- _INPUT DATA_
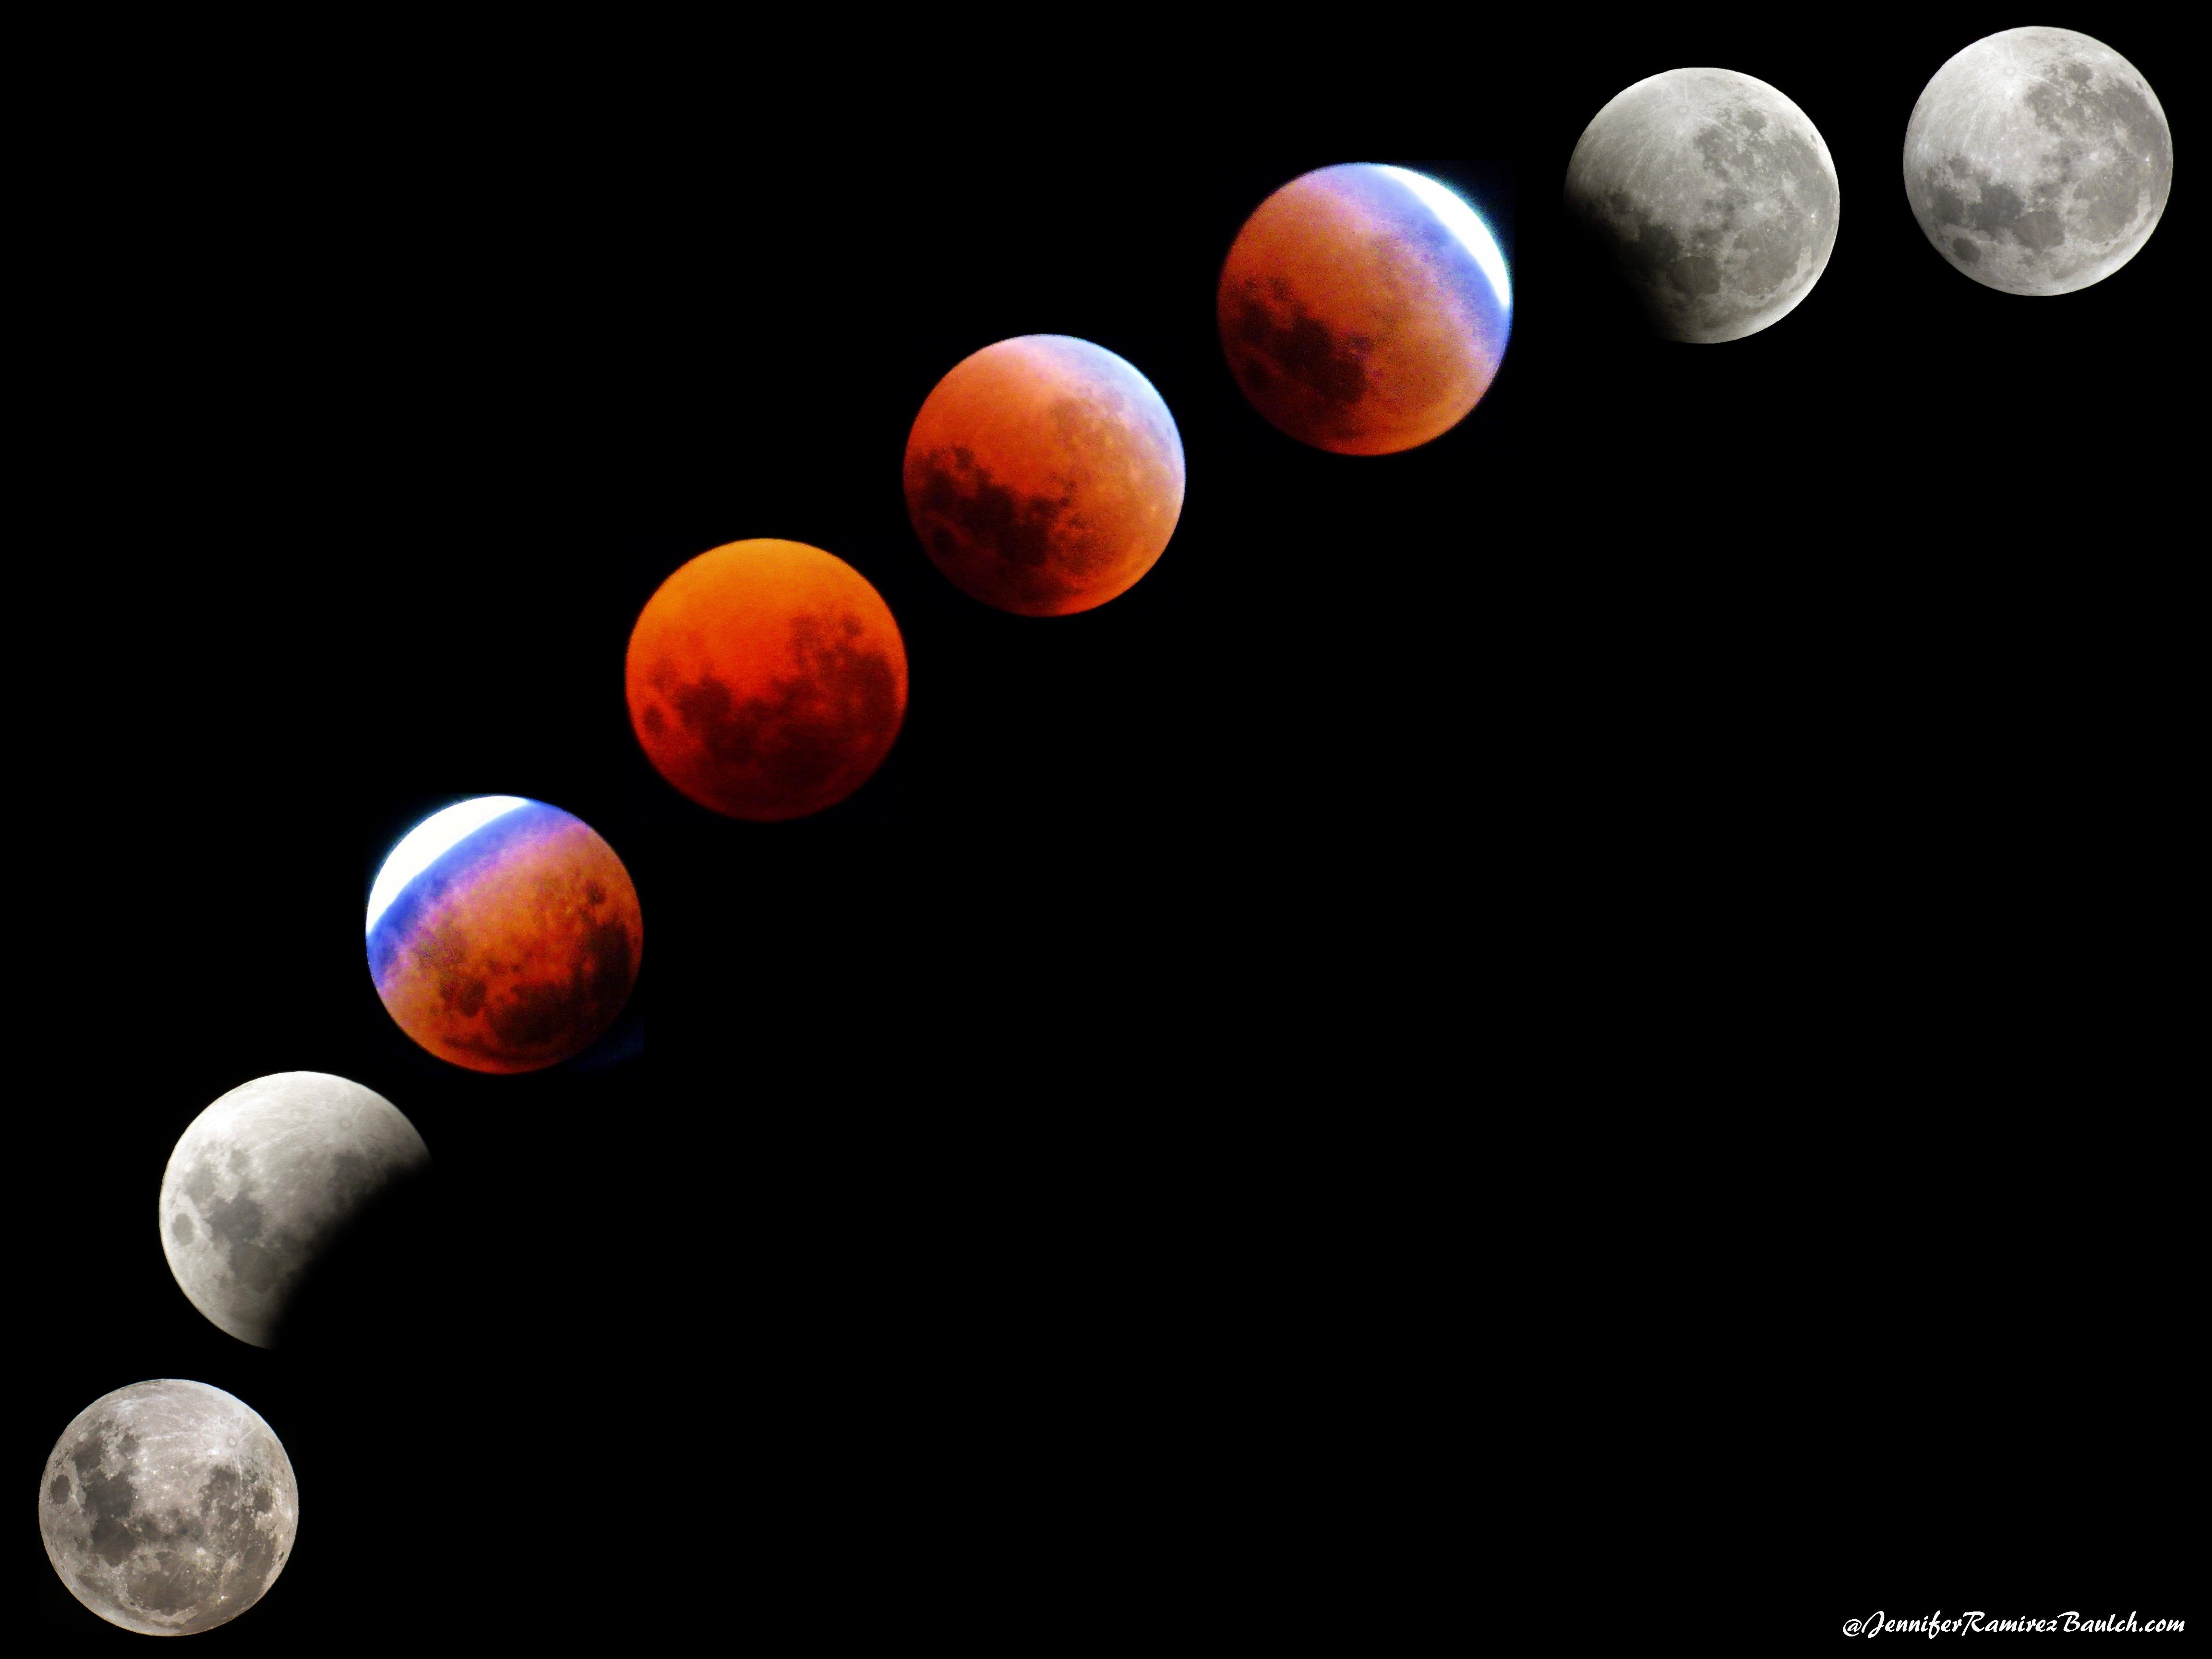 Trifecta Lunar Eclipse Super Blue Blood Moon 2018
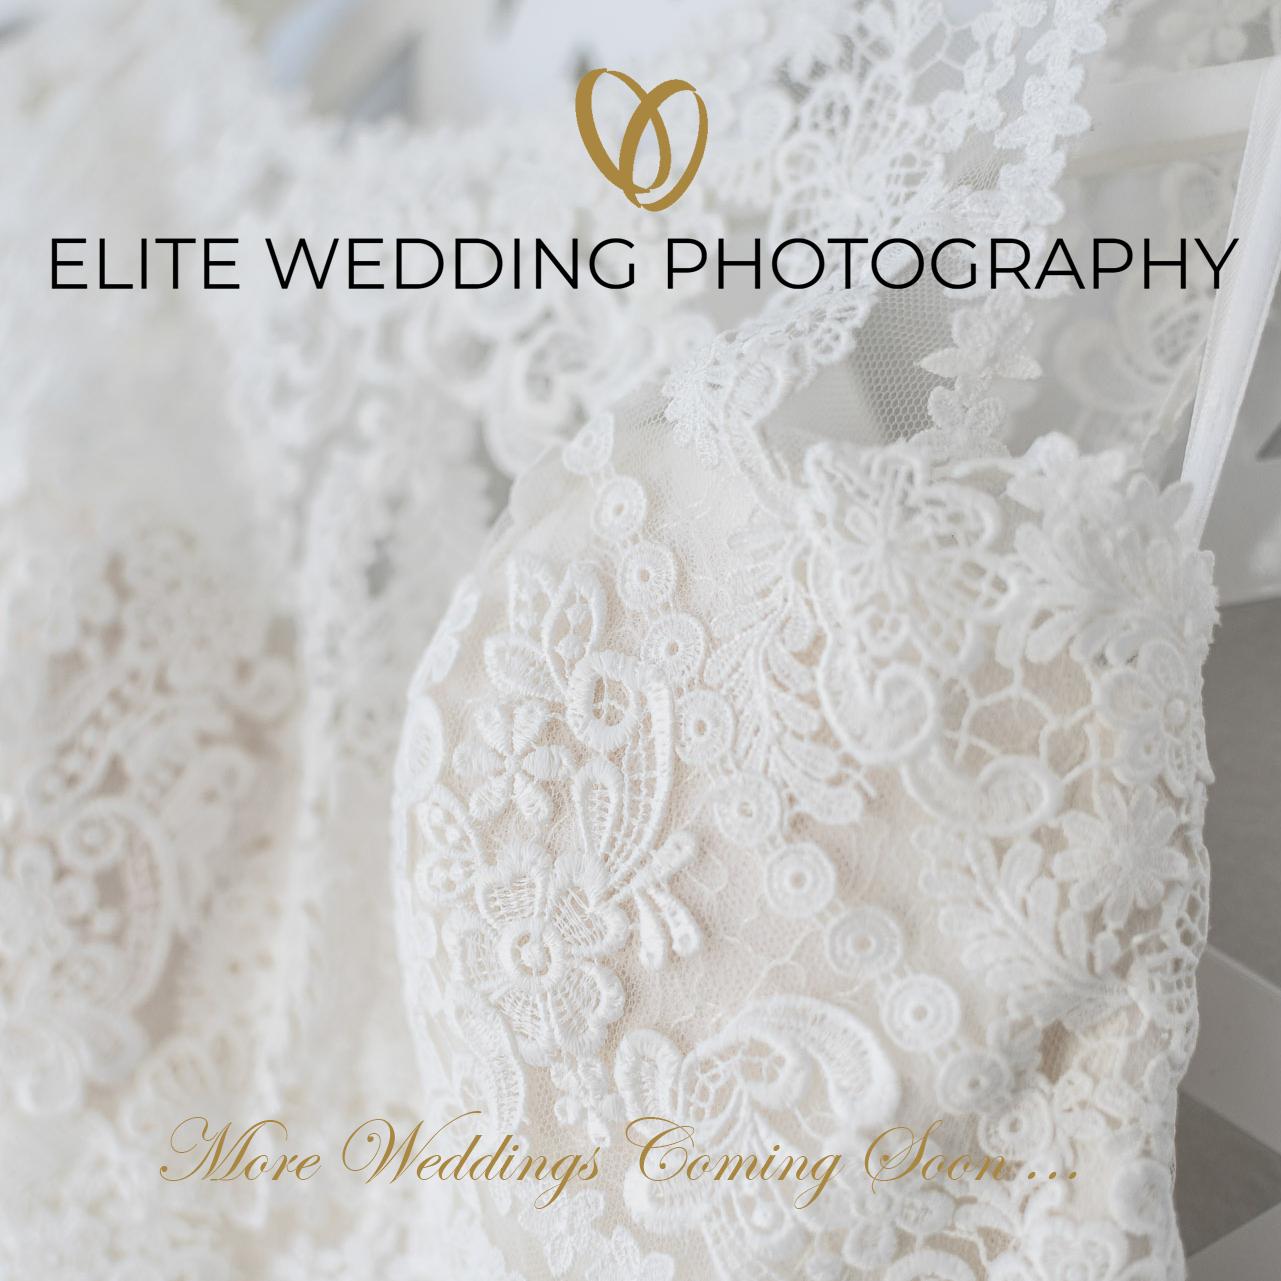 ELITE-WEDDING-LOGO3.jpg
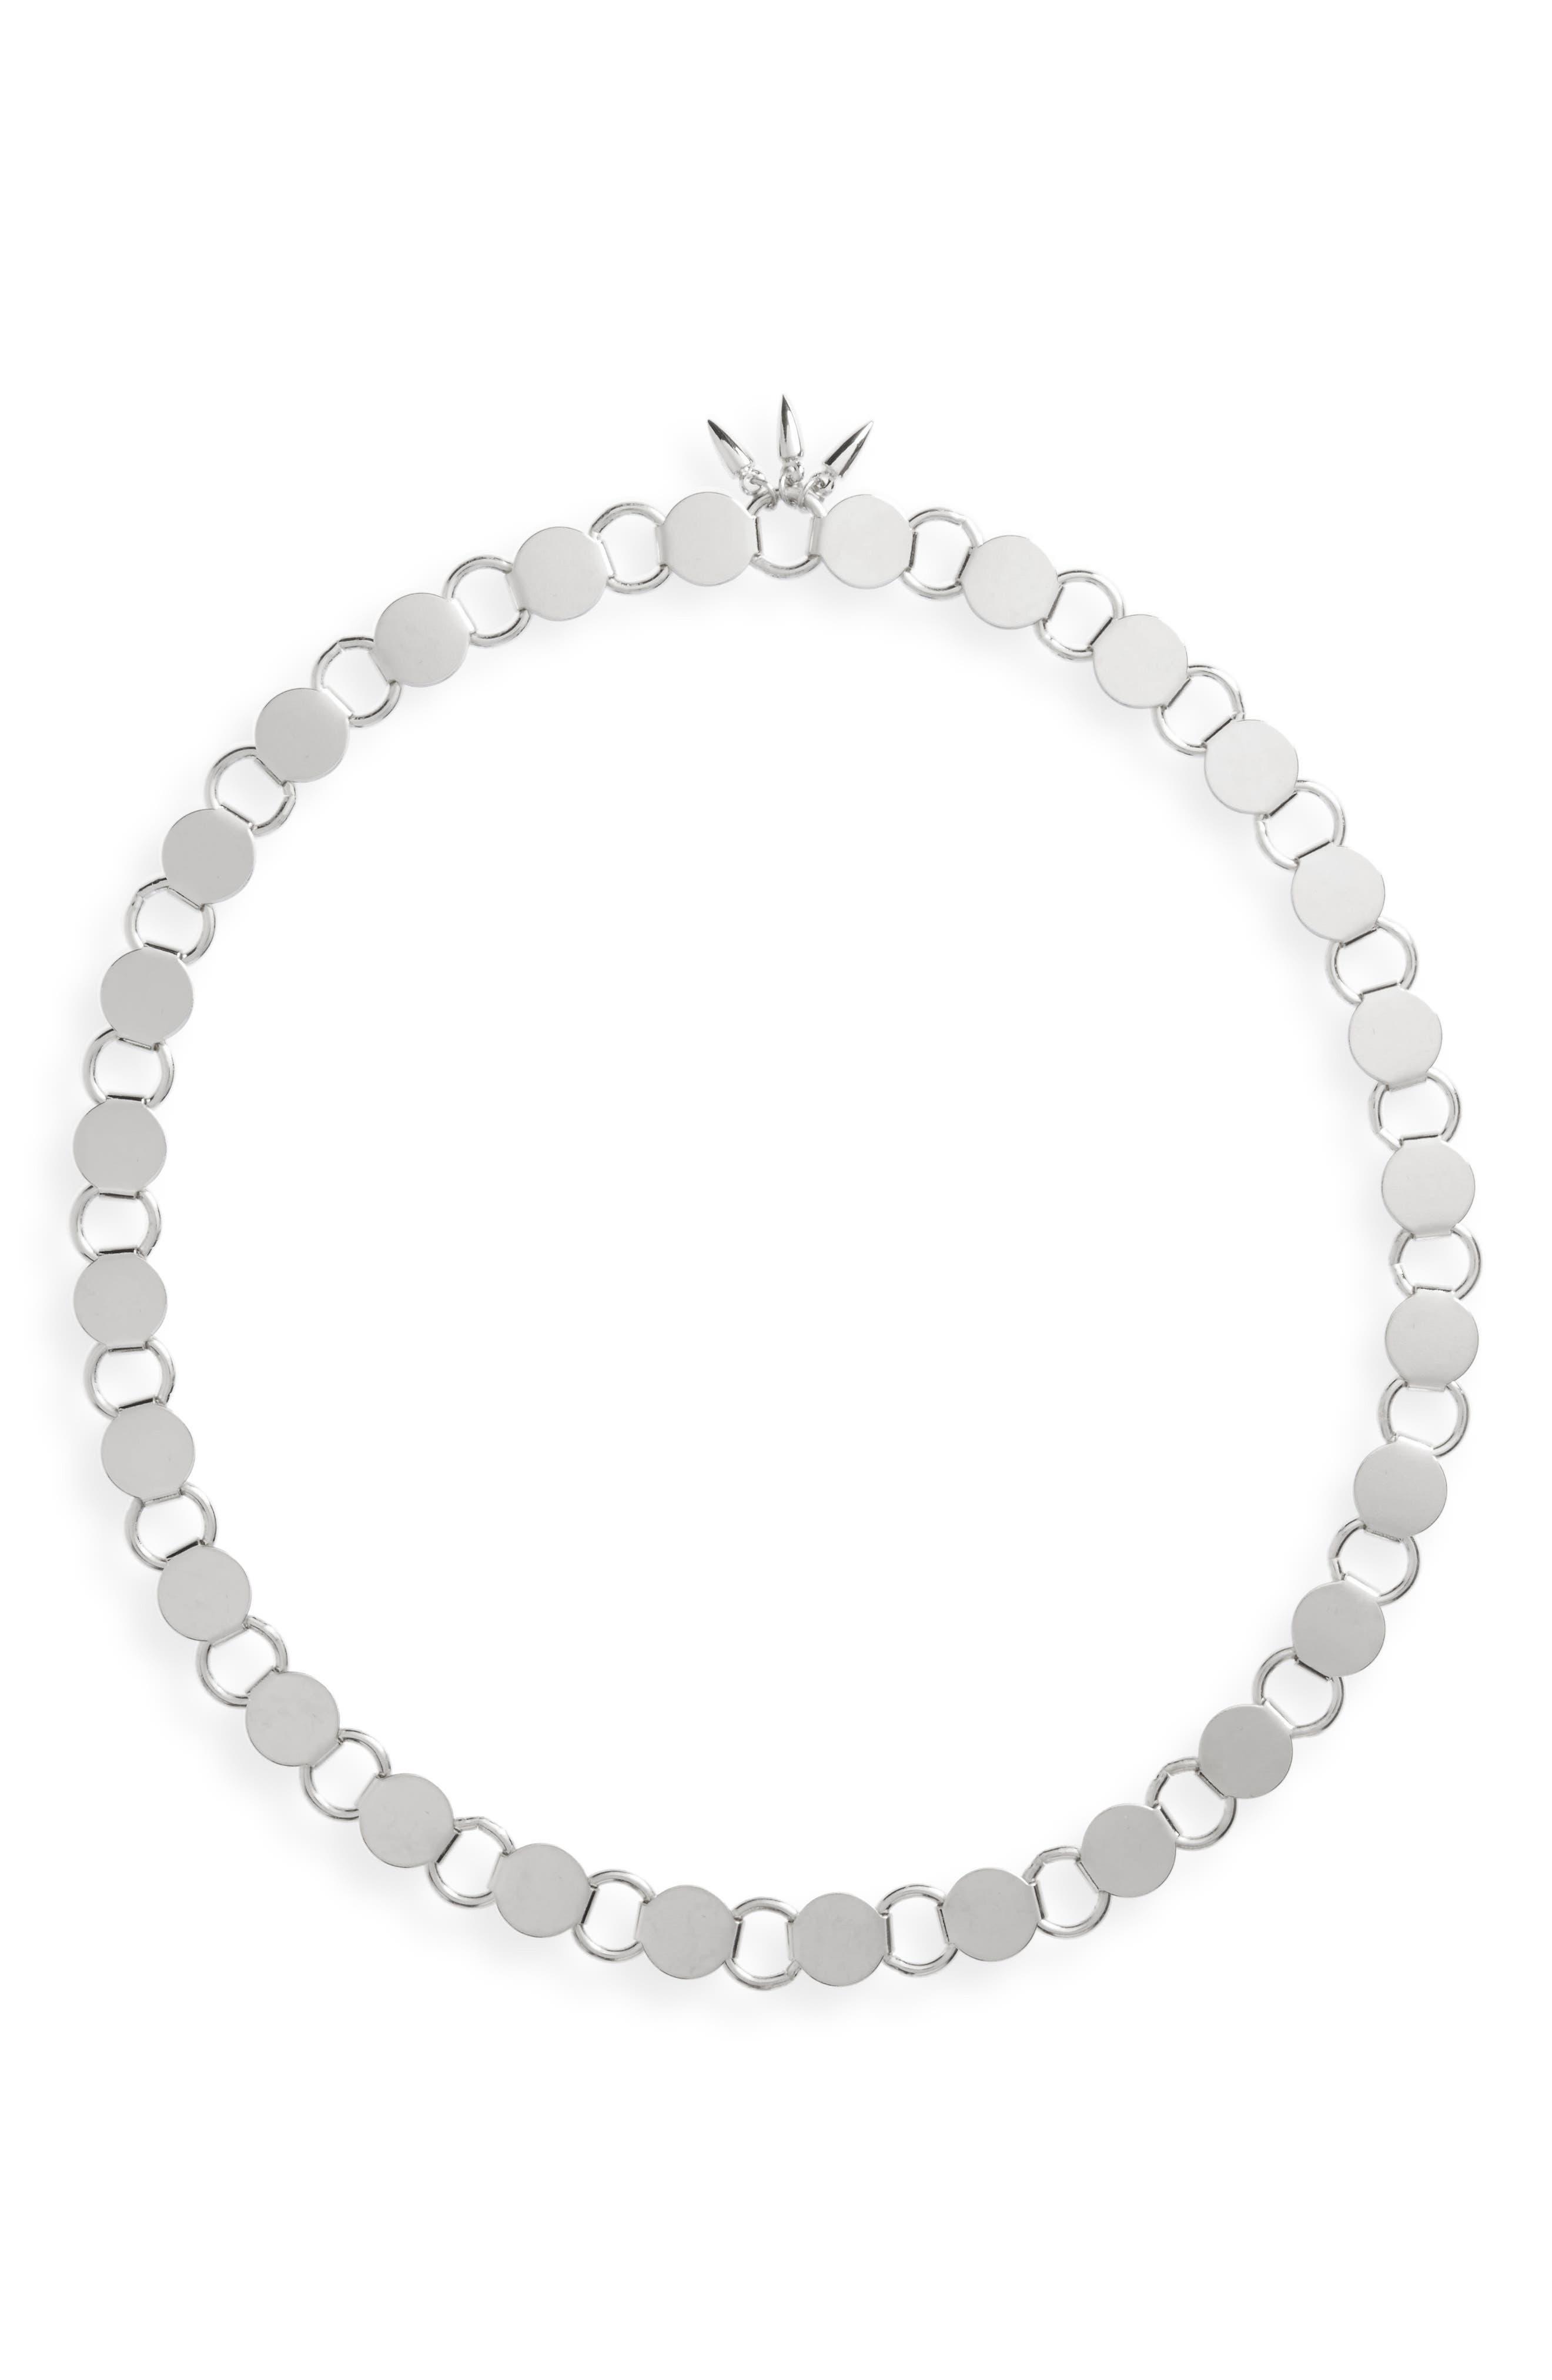 Main Image - BIKO Convertible Link Necklace

- _THE TASK_
The line containing "ELITE-WEDDING-LOGO3.jpg" and every line after it, through the end of the data, are to be output exactly. Omit the pictures.

- _ANSWER SECTION_
 ELITE-WEDDING-LOGO3.jpg
 Main Image - BIKO Convertible Link Necklace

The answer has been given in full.